New Features for Duplicate Bug Detection Nathan Klein, Department of Computer Science, Oberlin College, Oberlin, Ohio, USA, nklein@oberlin.edu Christopher S. Corley, Nicholas A. Kraft, Department of Computer Science, The University of Alabama, Tuscaloosa, Alabama, USA, cscorley@ua.edu, nkraft@cs.ua.edu
#Keywords:
-
ii1. Duplicate bug reports: When many developers/testers file a bug report having same technical problems but they use different terminology or styles and write about different phenomenon to write about the same issue(s) that is classified as a duplicate bug report.
-
ii2. Topic model: In machine learning and natural language processing, a topic model is a type of statistical model for discovering the abstract "topics" that occur in a collection of documents.
-
ii3. Machine learning: Machine learning is a subfield of computer science that is closely related to (and often overlaps with) computational statistics; a discipline which also focuses in prediction-making through the use of computers.
-
ii4. Deduplication: In computing deduplication is a specialized compression technique for eliminating duplicate copies of repeating data
###Notes:
-
iii1. Data set: The writers have used the data collected by – ‘A. Alipour, A. Hindle, and E. Stroulia. A contextual approach towards more accurate duplicate bug report detection. In Proc. 10th Working Conf. on Mining Software Repositories, pages 183–192, 2013.’. It consists of reports pulled from the android database between November 2007 and September 2012
-
iii2. Related Work: The work related to the authors work is by C. Sun, D. Lo, S.-C. Khoo, and J. Jiang who formulated the duplicate bug detection problem as given a bug report, return a list of the top-k most similar bug reports. Also one of the other related works is by Alipour who formulated the problem as given two bug reports, predict whether they are duplicates. The authors have mentioned that their approach is similar to the latter approach.
-
iii3. Results : The outcome of the authors’ study is
- The descriptive power of the suite of attributes show that they provide an increase in accuracy, AUC, and Kappa statistics over other related works when applied to the Android repository.

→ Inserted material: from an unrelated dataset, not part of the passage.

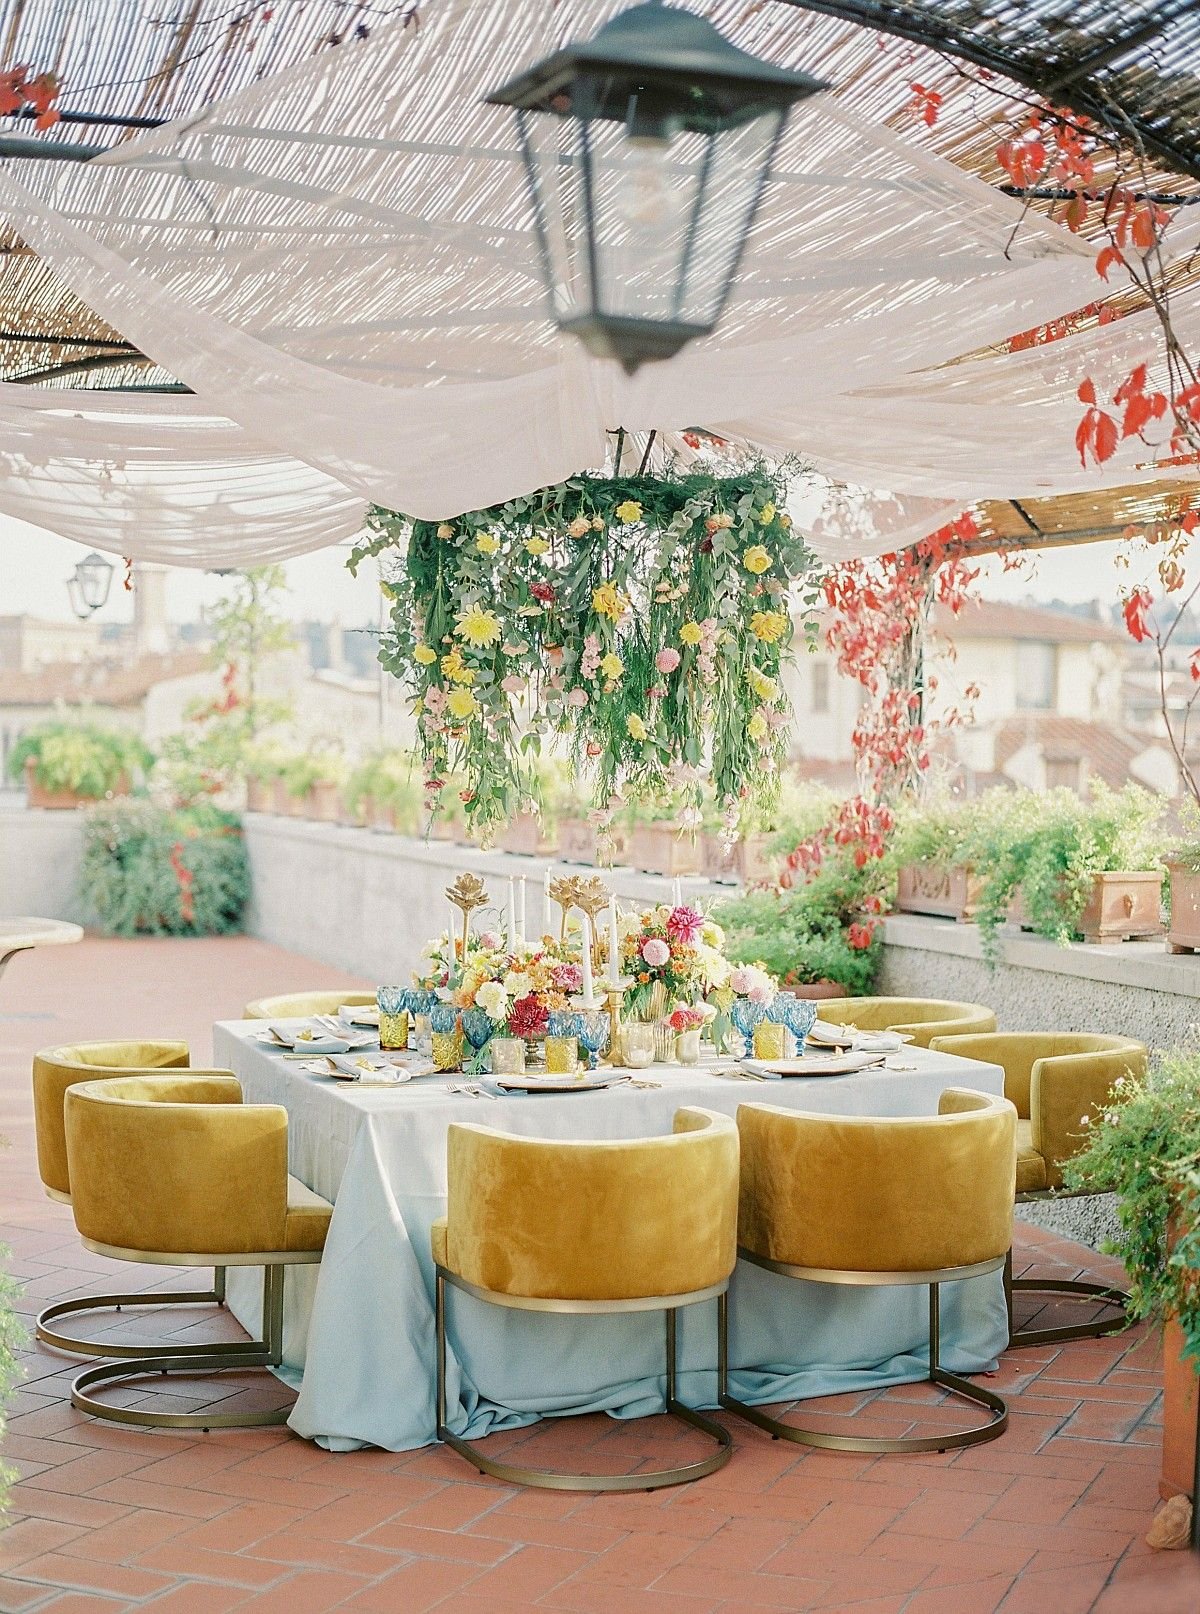 Bold & Colorful Rooftop Wedding Ideas - Anna Gianfrate.jpg

- The effectiveness and simplicity of the metrics proposed in this study make them good candidates for futures studies on duplicate bug reports.
- The use of Bagging to aid in classification provided a small increase in accuracy.
-
iii4. Future work: The authors have suggested that a future study which utilizes their metrics in order to find duplicates of incoming bugs, using a top-k approach in which a fixed number of possible duplicate reports are presented for each incoming report, would further test their effectiveness.
#Improvements:
-
iv1. The author could maintain a separate section for related work. This could ensure that the readers will get proper idea of what related work is already done in the beginning itself. So that they could relate it further in the paper wherever required.
-
iv2. The author could add a separate section for future work. The author has added future work in the conclusion section. This makes it confusing to understand at times.
-
iv3. When the author mentions that their study performs better in terms of some parameters, they could add a few pictorial representation of few of them for better understanding of the reader.